The nature of sin was crystallized for me some time ago when I was reading Father Elijah, and the title character said that all sin was the same at its root: the act of taking a luminous being, beloved by God, and turning it into an object.

This is what has been done to Terry Schiavo. Her husband and the courts have said that she’s not a person, but an unfeeling lump of flesh, and so it is better to kill her. It saddens me, but I recognize it as part of the process of killing someone. Anyone who deliberately kills anyone, whether a prosecutor calling for the death penalty, a criminal commiting murder, or a government calling for genocide, has to convince themselves that what they’re killing isn’t a person.

I don’t want to debate her husband’s behavior, or that of the judge.
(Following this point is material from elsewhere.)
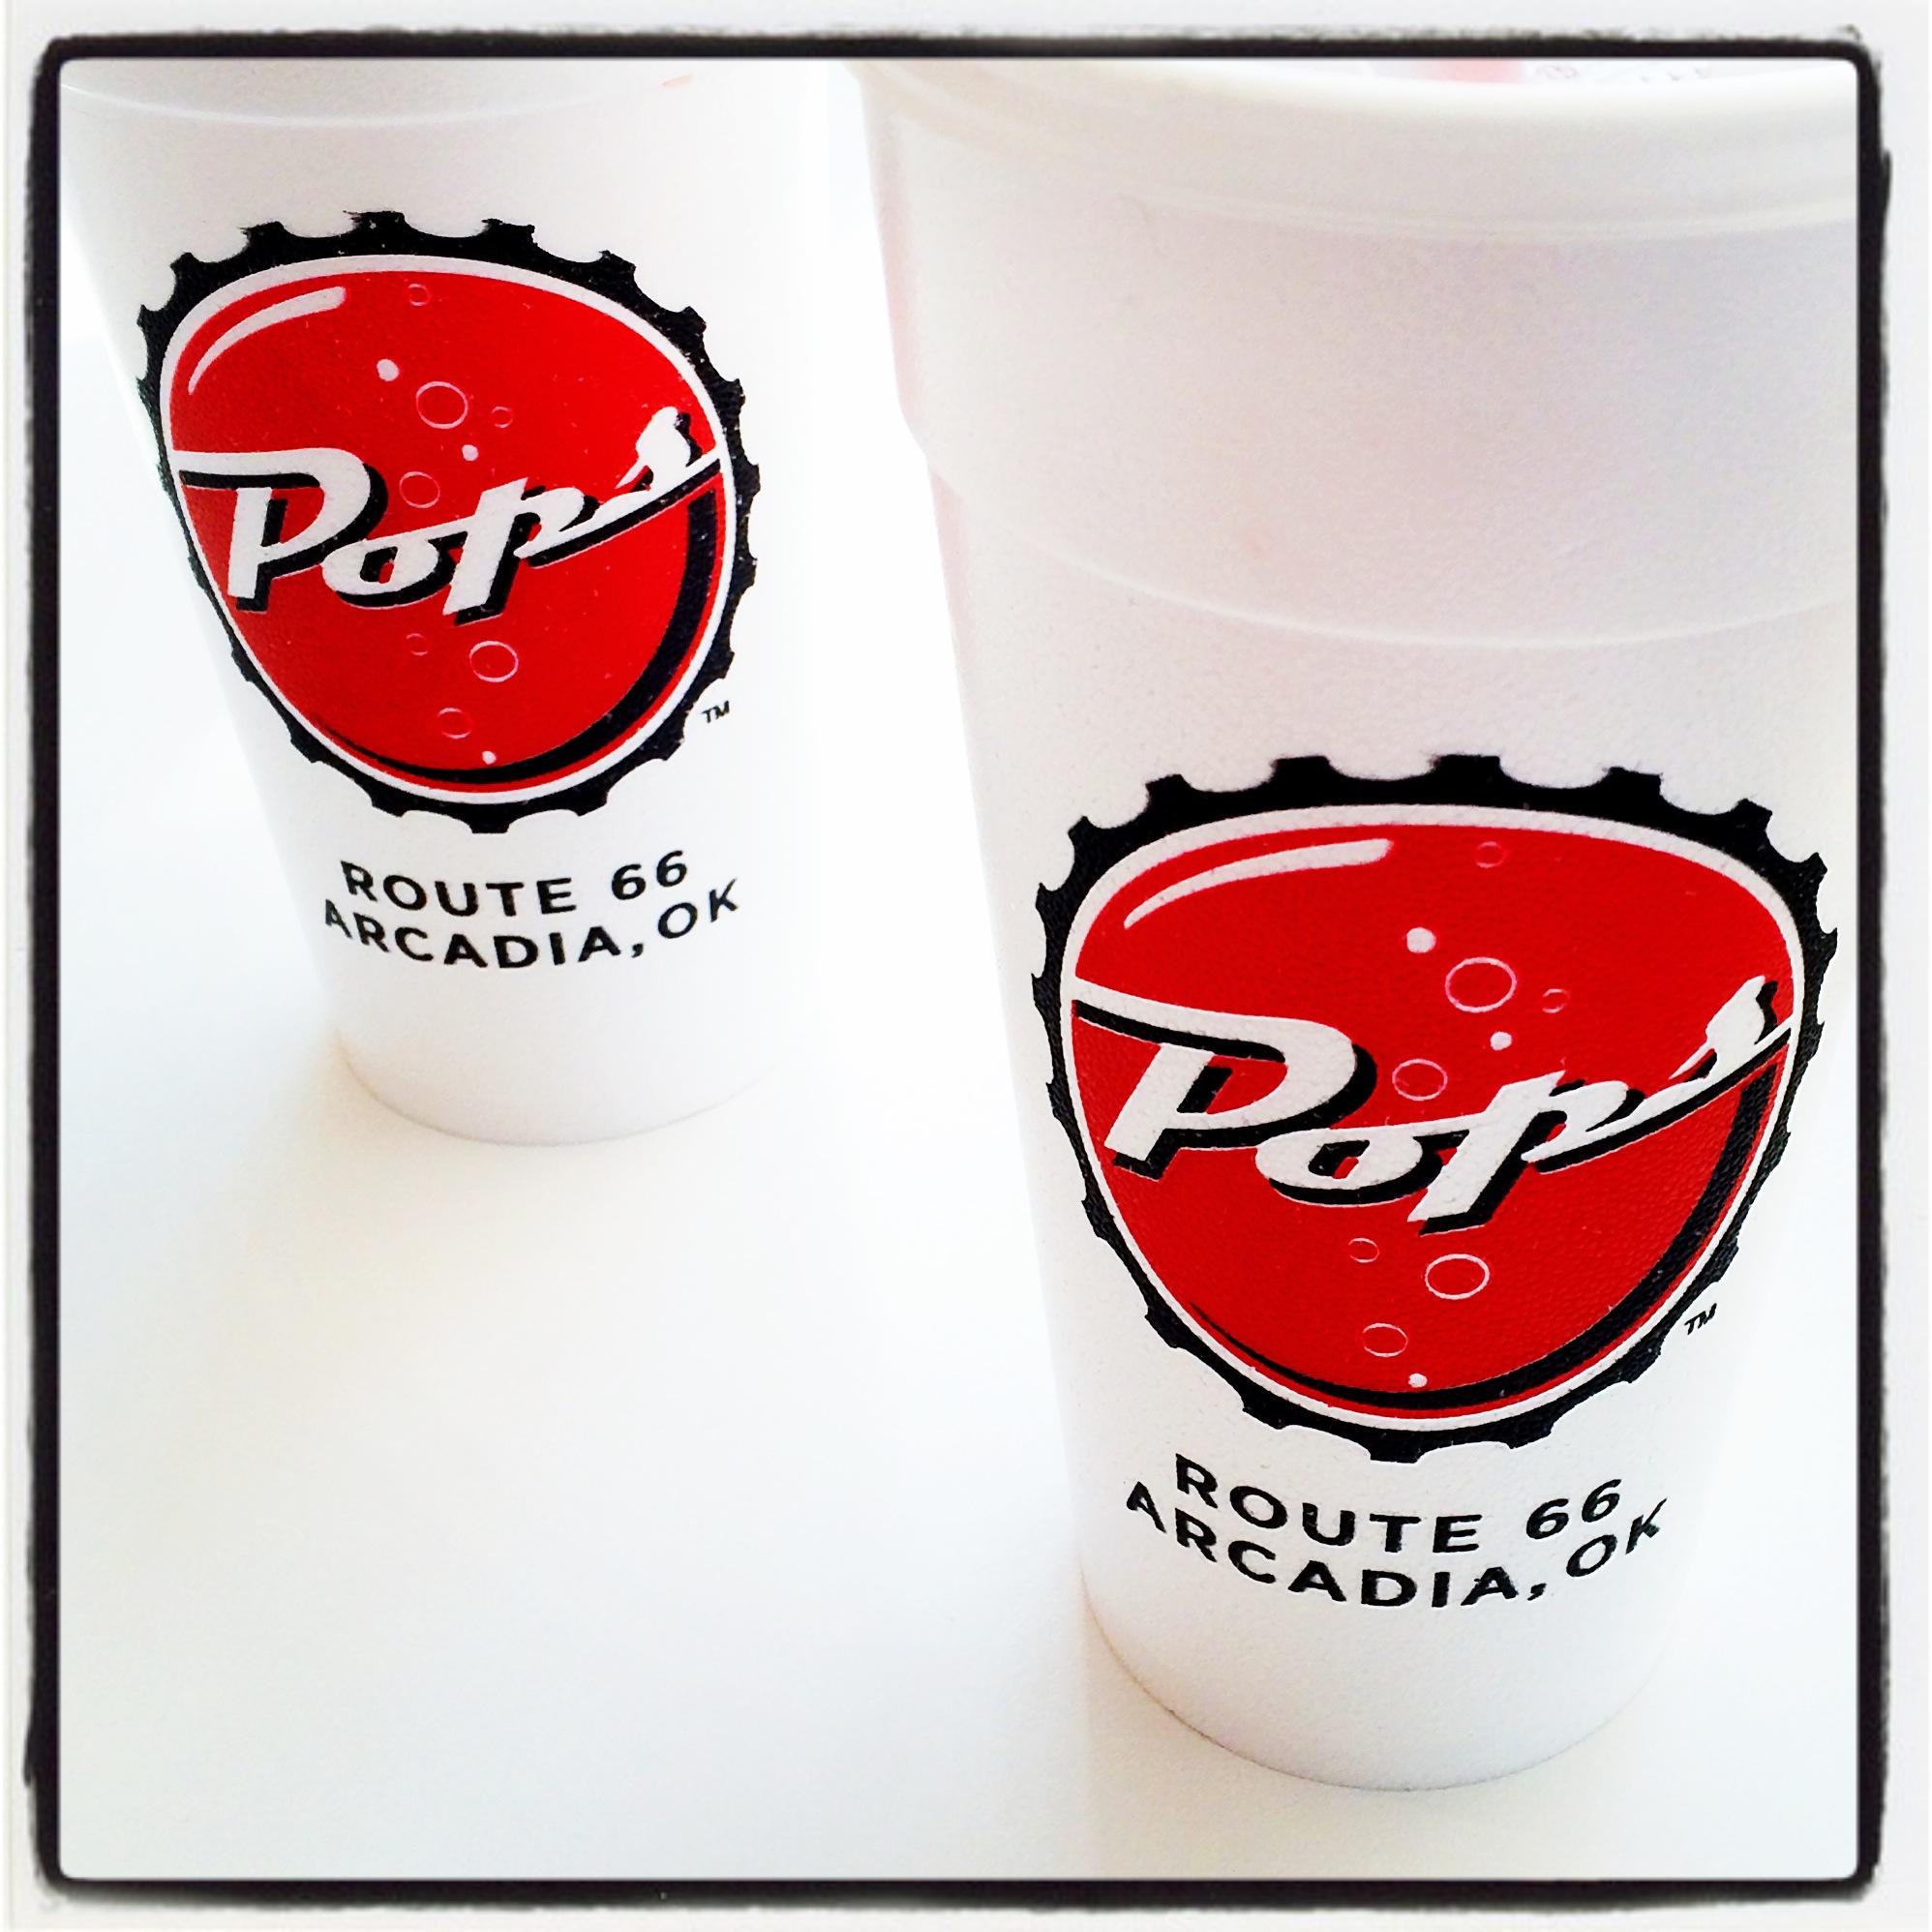 BOTTOMLESS FOUNTAIN SODA POP -  Choose from: Pepsi • Coke • Diet Coke • Dr Pepper  •  Diet Dr Pepper • Round Barn Root Beer  •  Sierra Mist • Mountain Dew • Cheerwine  •  Roy's Fresh Lemonade

I’m more interested in the way our society is handling it.

On the one hand, we are less and less willing to impose the death penalty. It seems wrong to us, for the state to kill people when it outlaws that behavior for everyone else.

On the other, we are ever more tolerant of killing for our convenience. The Nationalist Socialist eugenics program was not merely race-based. They also sought to eliminate the mentally retarded, homosexuals, and the physically deformed and handicapped. About one abortion in a hundred is performed for the safety of the mother. And Dr. Jack Kevorkian believes we are better off without the terminally ill.

It is this trend, this continually increasing acceptance of the idea that the inconvenient are better off dead, which upsets and revolts me. This is evil. I really don’t see any other way to say or see it.

Why are we tolerating this point of view? How can we? Many commentators will say it is because we have dismissed all concepts of good and evil as irrelevant and arbitrary. But they are neither. Good and evil are what they are because our society functions better when we behave in a good manner, and the more evil that is done, the worse things get. Their effect upon society makes them relevant and the empirical evidence of it shows that they are not arbitrary.

But some will say that we don’t really know anything at all and that each individual’s experience is unique and not applicable to anyone else’s. But if that’s the case, why do we even have newspapers? How can we have any sort of society, if we can’t even have anything in common?

But I digress, and perhaps even ramble. We should -- MUST -- have a society which protects life at every turn, instead of one that seeks only to keep the ones we like.